Despite being defensively armed the Sycamore was torpedoed mid-morning 125 miles north-west of the coast of Northern Ireland on August 25 1917, by U-Boat 61. The bodies of David, a carpenter by trade, and his crew-mates were never found.

“The family wouldn’t have been told he had died, the ship wouldn’t have turned up in Liverpool and that was that,” says Dr Innes McCartney, a navel historian with the University of Bournemouth. “Unless they were part of a convoy the

U-boat would have gotten back to base and we have the surviving paperwork from that, but the ship would have been posted missing after it was obvious it wasn’t going to show up.”

The merchant navy had a huge role in WWI, transporting food, ammunition and equipment around the coast of Europe and across the Atlantic.

“Merchant ships were fair game in WWI,” says McCartney.

“Submarines were a weapon by which they could blockade Britain and by 1917 the Germans were absolutely using that as part of their efforts. You can’t see

U-boats, they were a stalking menace, and it would have been very frightening. They can get you night and day. They can get you in your bunk.

“The contribution of the merchant navy to WWI is inestimable. Alongside the fishing fleet, at times it’s a contribution which is perhaps not as recognised as it should be – they suffered grievously.”
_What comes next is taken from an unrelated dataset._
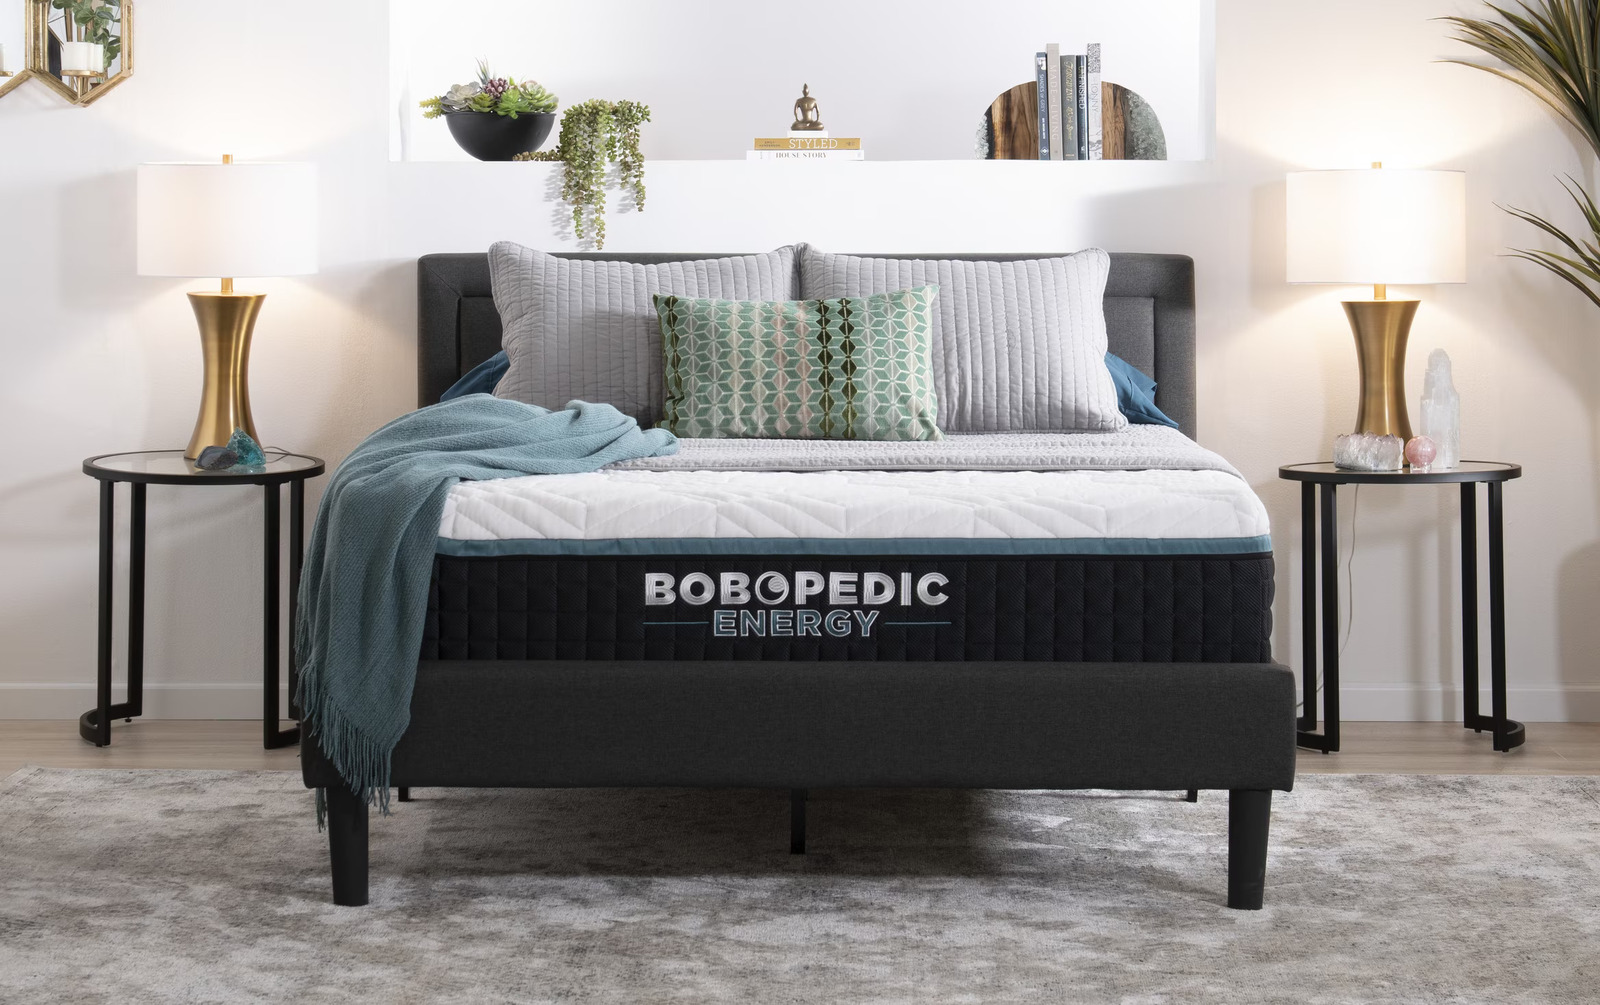 Bob-O-Pedic Review: Is It Worth The Money?

Last week Uncle Robert, his daughter and grandson went to Lambhill Cemetery and placed poppies at the memorial to the Boyle brothers. They remembered, as we all can do today, their lives, their deaths, their places in a war which took so many fathers from their children, brothers from their sisters, husbands from their wives, sons from their parents. We can remember they were loved. Lest we forget.